REQUIREMENT = Go to the line with "cattle calves weaned insurance" in the records below, then output it and each following line exactly, up to and including the line with "Warnschutz-Poloshirt, fluorescent lemon, ISO". Skip pictures and add nothing.

SOURCE DATA =
-------

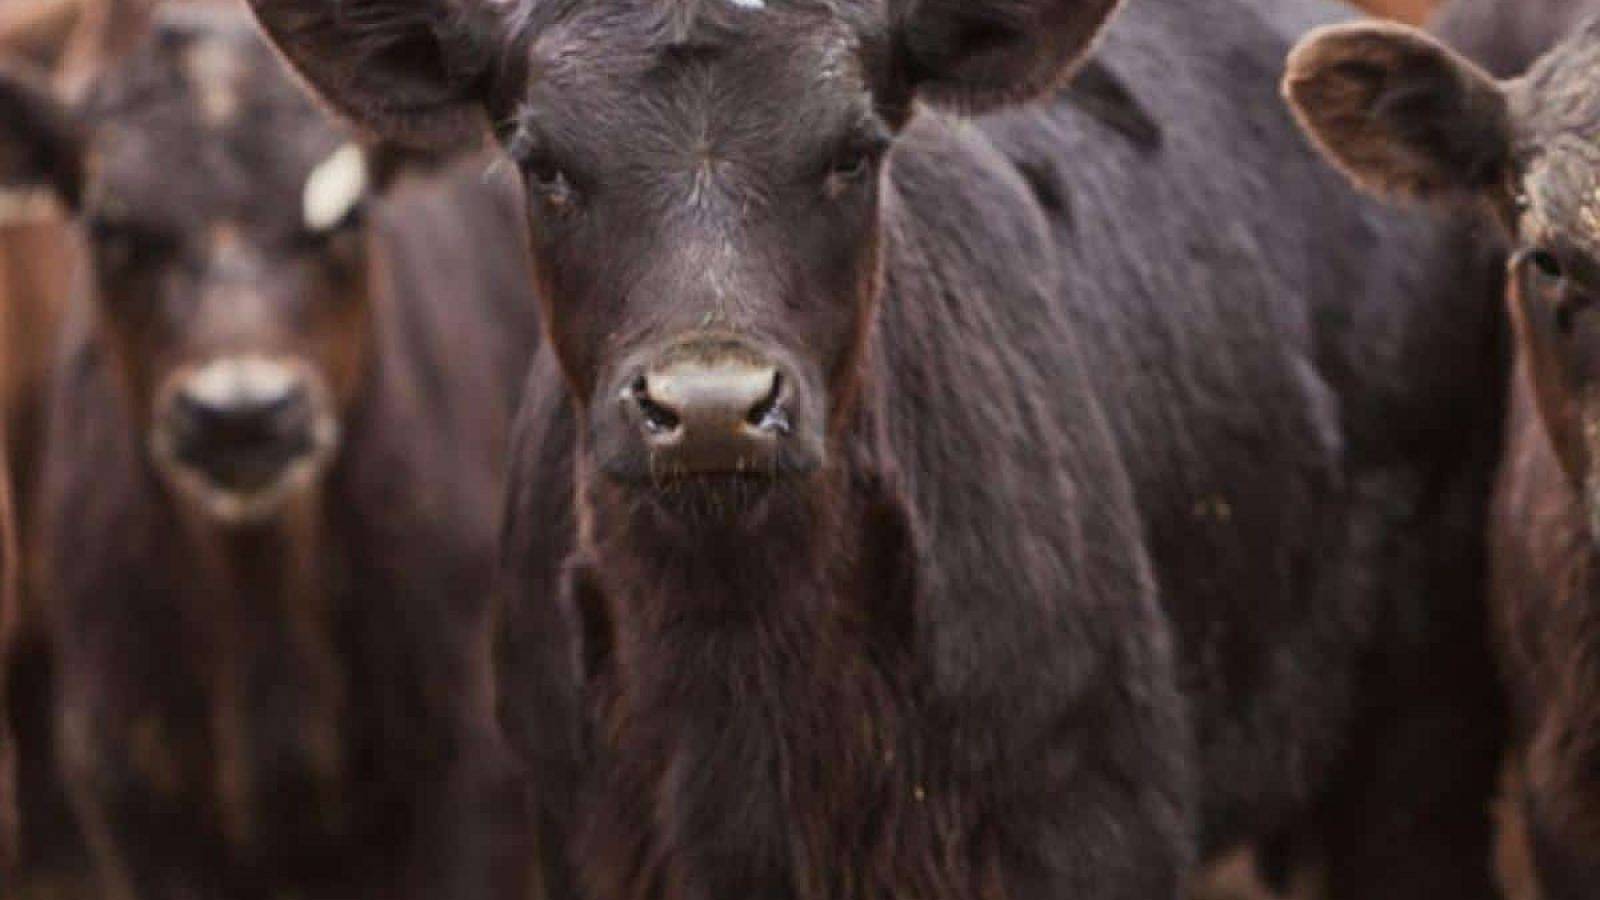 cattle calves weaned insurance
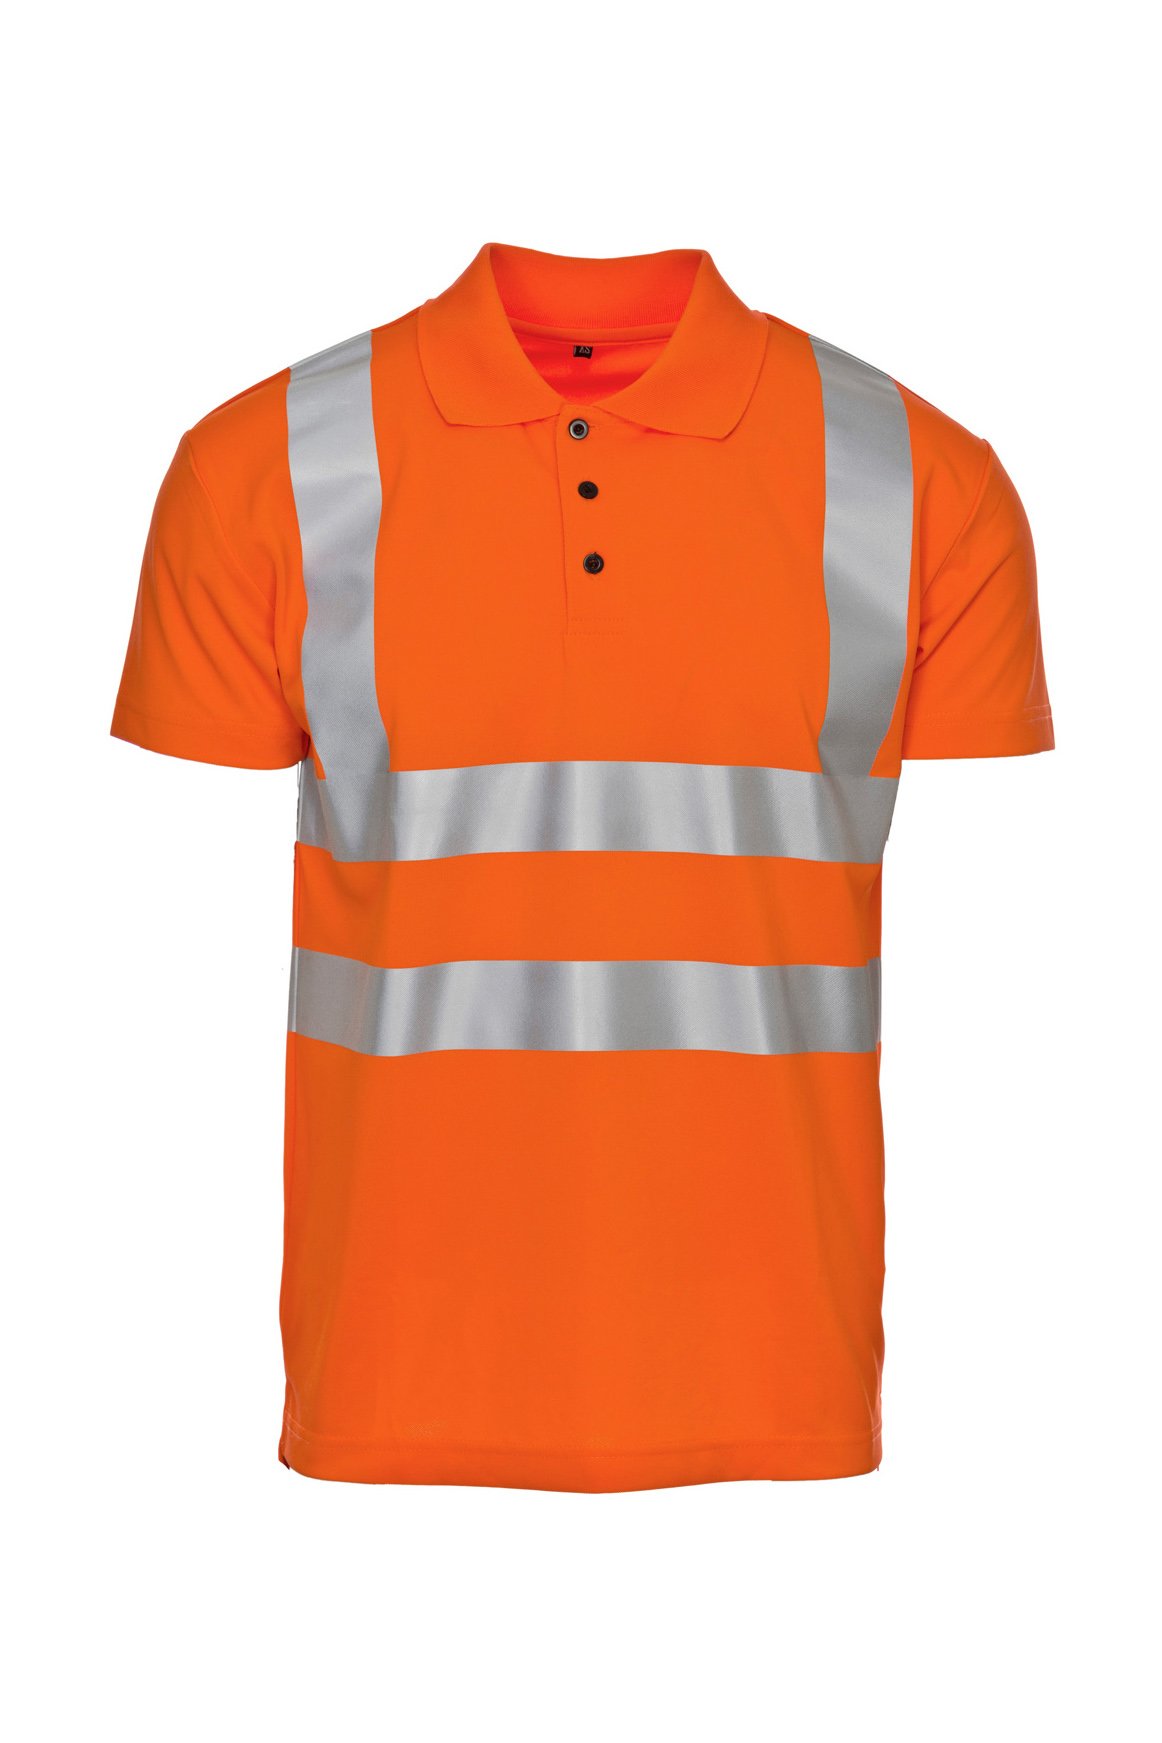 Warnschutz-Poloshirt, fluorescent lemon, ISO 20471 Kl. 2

-------

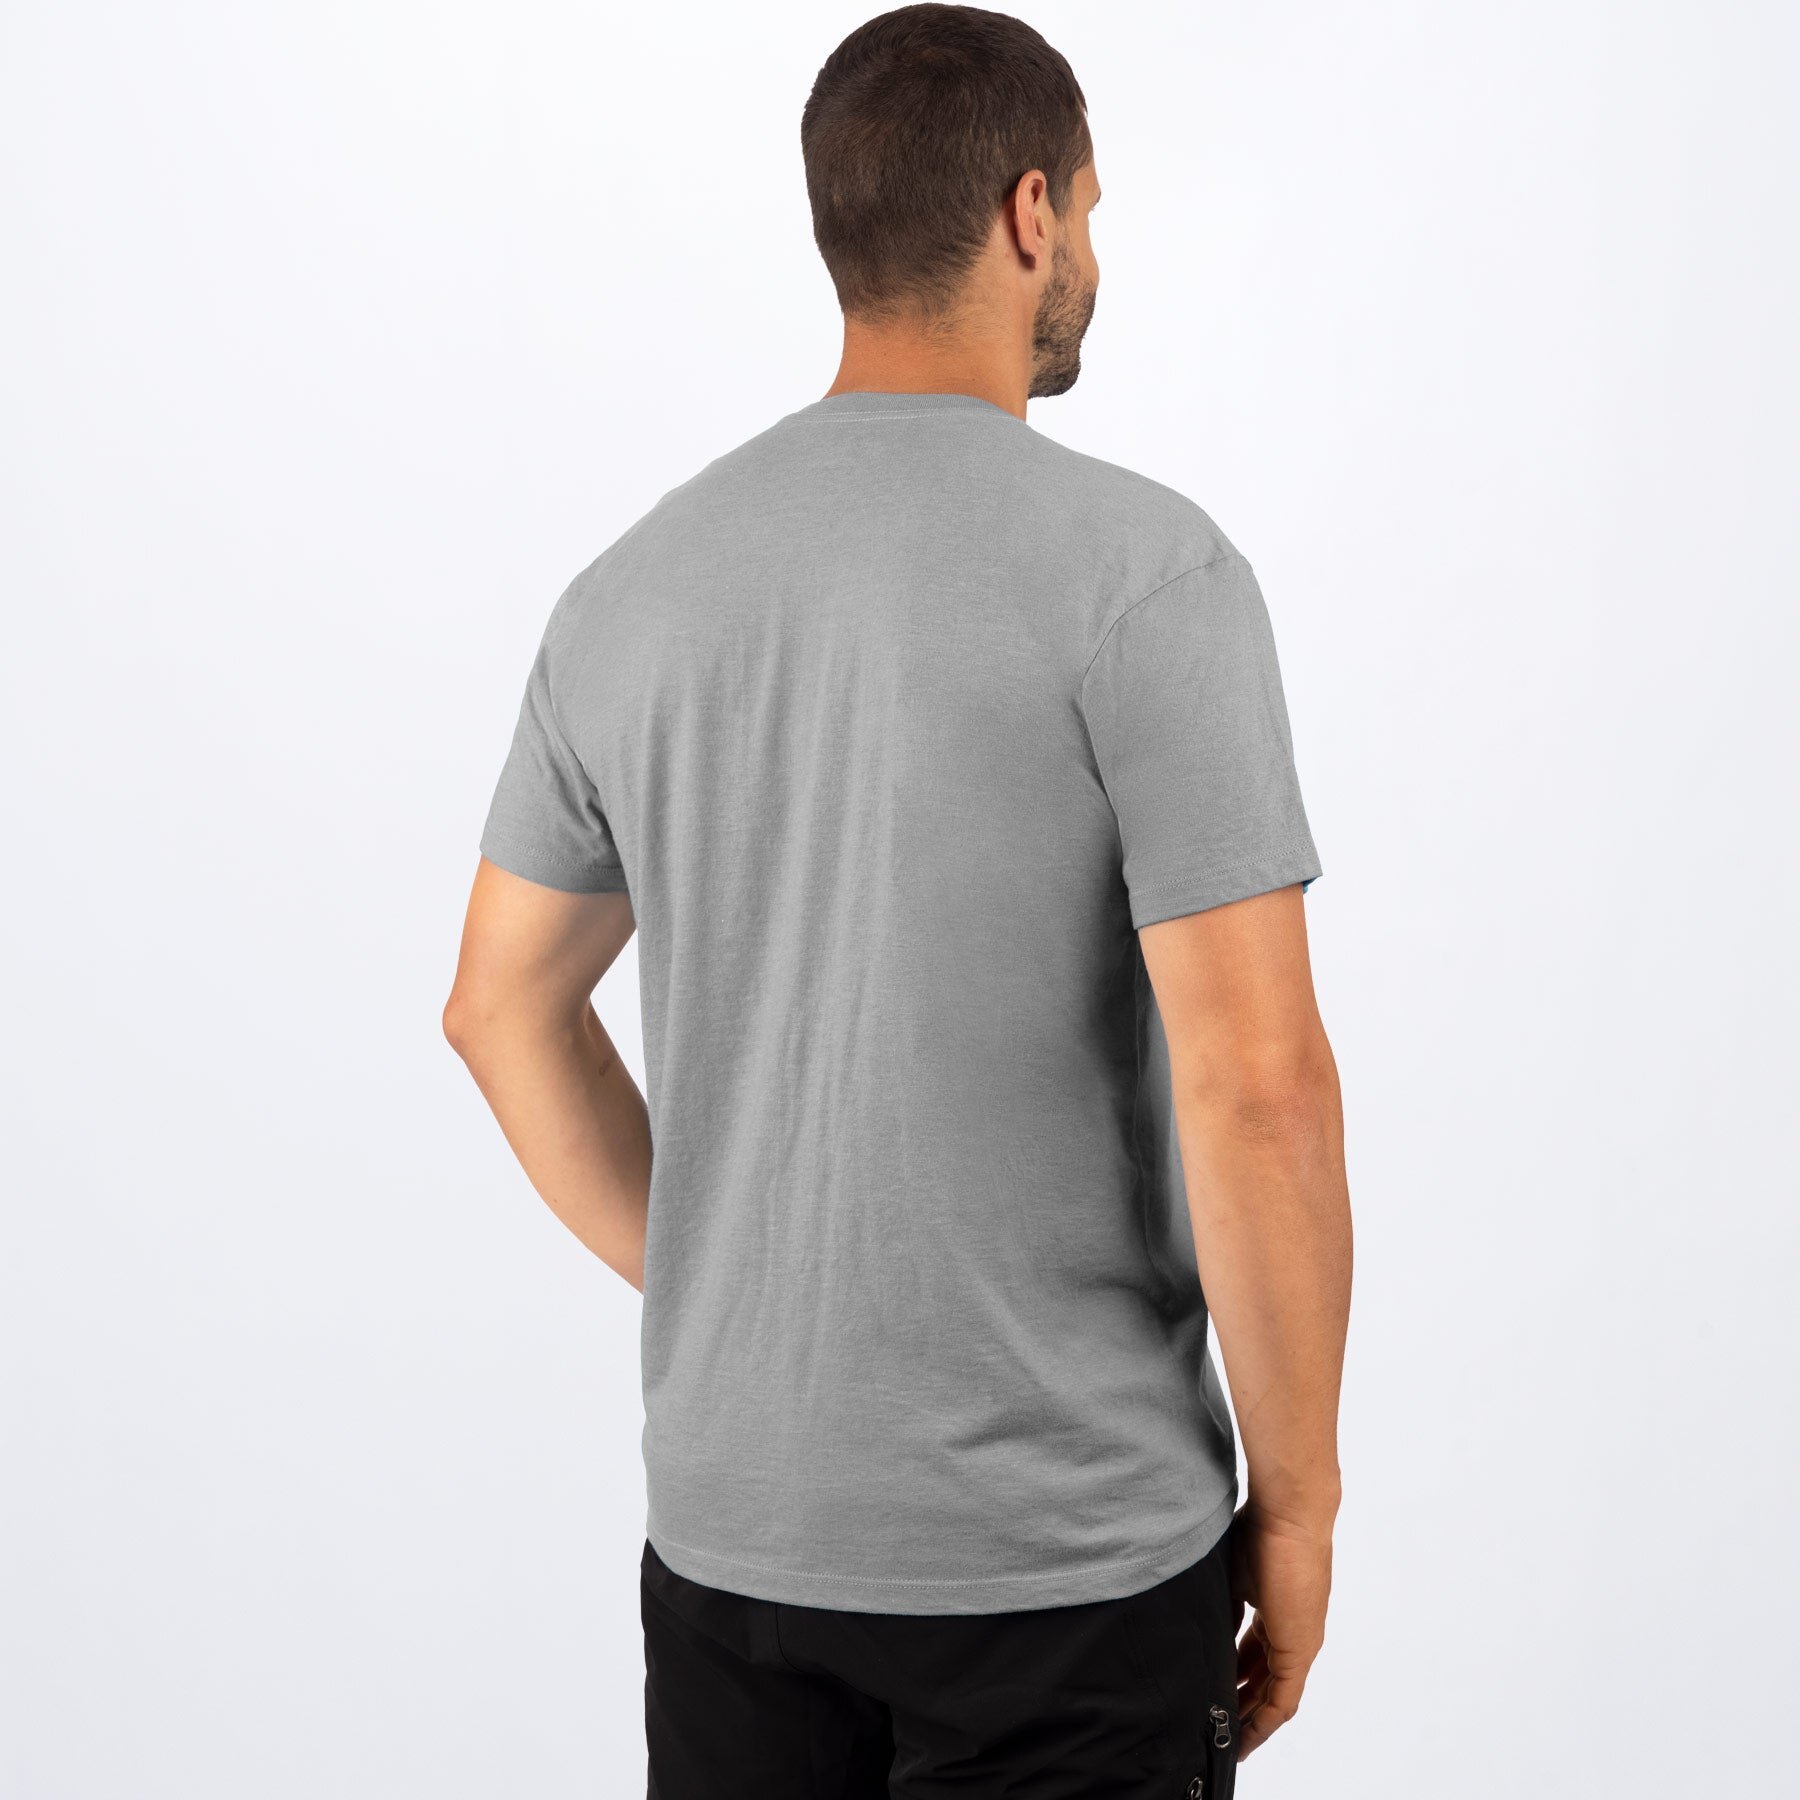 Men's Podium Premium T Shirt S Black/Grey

-------

ANSWER TO THE EXERCISE =
 cattle calves weaned insurance
 Warnschutz-Poloshirt, fluorescent lemon, ISO 20471 Kl. 2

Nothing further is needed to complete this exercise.